History and the craft beer industry are cyclical. Crazes and trends come and go. Then come back again, go once more, and on and on. For instance, lagers and dry stouts have gained cachet over the last few years as refreshing alternatives to adjunct-heavy stouts, hopped-up single, double, and triple IPAs, and dessert-forward pastry sours. None of these have fallen entirely out of favor. IPAs are eternal; It’s the style that won’t stop. But more often now consumers crave straightforward beers that won’t cost them $22.20 per four-pack. Or restrict them to a single beer at a drinking session. Smoked beer is one of those styles that is being rediscovered in the search for new, simple beers.
A style synonymous with the German rauchbier, smoked beer usually has a characteristic smoke flavor imparted by malted barley that has been dried or “smoked” over an open flame. Sound polarizing? It is. But don’t laugh this style off the table just yet. Learn a little bit more about the history. Then try a few good ones before you decide to reach back for one of those palette-dominating double dry hopped IPAs or pastry stouts.

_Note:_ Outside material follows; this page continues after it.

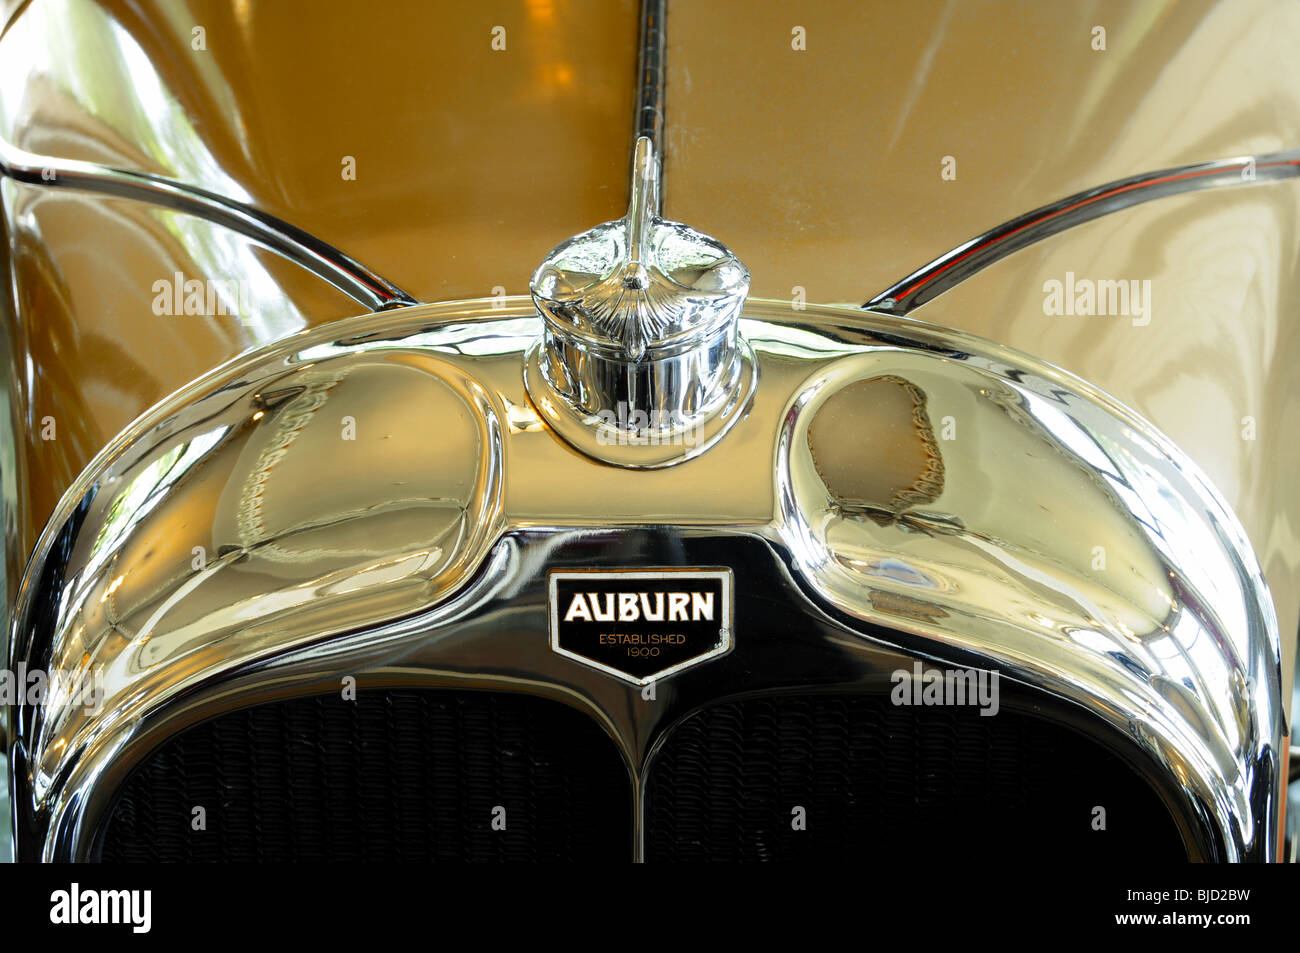 Auburn Automobile Stock Photo

What Is the History of Smoked Beer?
Smoked beer goes way back. In 1818 British inventor and engineer Daniel Wheeler revolutionized brewing by creating the drum kiln, a handy device that allowed maltsters to better control the drying process, opening up new beer flavor profiles.
But in the pre-Wheeler brewing era, maltsters dried their grains by lighting wood or coal fires beneath them. This necessary technique imparted shades of smoky flavor on all malts used in brewing. Without Wheeler, the beer world as we know it today would likely be very different. For example, we’d all probably be drinking a lot more smoked beers!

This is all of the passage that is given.